Maybe (if they decided to just get rid of the I/O related to the user requests), but on the other hand I don't know if previously any "Google-consumer" was ever able to perform mass-downloads of Google's "cached" data - could that be done without being banned by Google's webpage (or API)?

advisedwang · a year ago
As I understand it, Google does a decent amount of rendering of a page before indexing; this a) allows it to index content loaded by JS and b) prevents some ways spammers show Google different content from users. Perhaps Google's main way of storing a page no longer matches something that can be easily served as a cache page. This might be a way to remove a legacy copy of each page and reduce storage costs.
account42 · a year ago
> prevents some ways spammers show Google different content from users.

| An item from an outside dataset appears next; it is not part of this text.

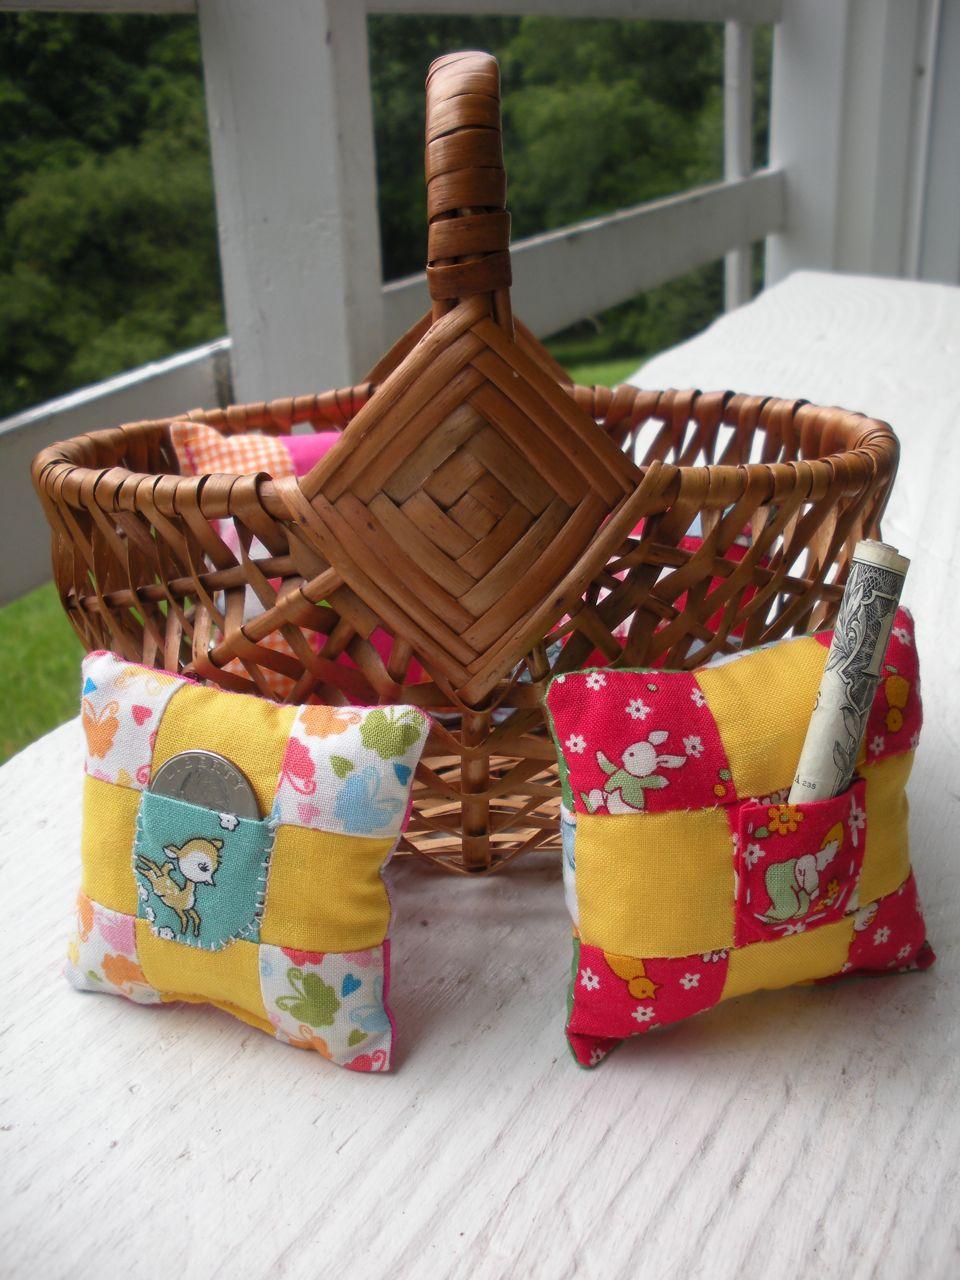 Toothfairy Pillows3

Google obviously hasn't cared about that for a long time.

lofaszvanitt · a year ago
Just with youtube, the surface area of these services is getting smaller and smaller and you get less and less. Too much optimization to the detriment of users. All the while search is still rooted in 90s concepts and only serves as a money making thing.
bigstrat2003 · a year ago
I am genuinely surprised to learn that it even still existed. I'm pretty sure it's been years since I have seen a Google result which actually had a cached version for me to pull up.
JonChesterfield · a year ago
One fewer reason to use Google search. Solid effort killing the money printer all around.
karlzt · a year ago
One more reason to not use Google search, I don't remember when it was the last time I used it, perhaps like twelve years ago.
silverliver · a year ago
Do any other versions provide cached versions of the pages they crawl? Far too many sites preform shinanigins based on geoip/ua.

Yandex, DuckDuckGo, and BraveSearch, please provide cache the pages you crawl and make them available to your users.

sandyarmstrong · a year ago
This was really useful when looking for product support, as companies regularly pull down or move around pages on their website. Seeing the version of a page at the time google associated it as a result was something I did all the time.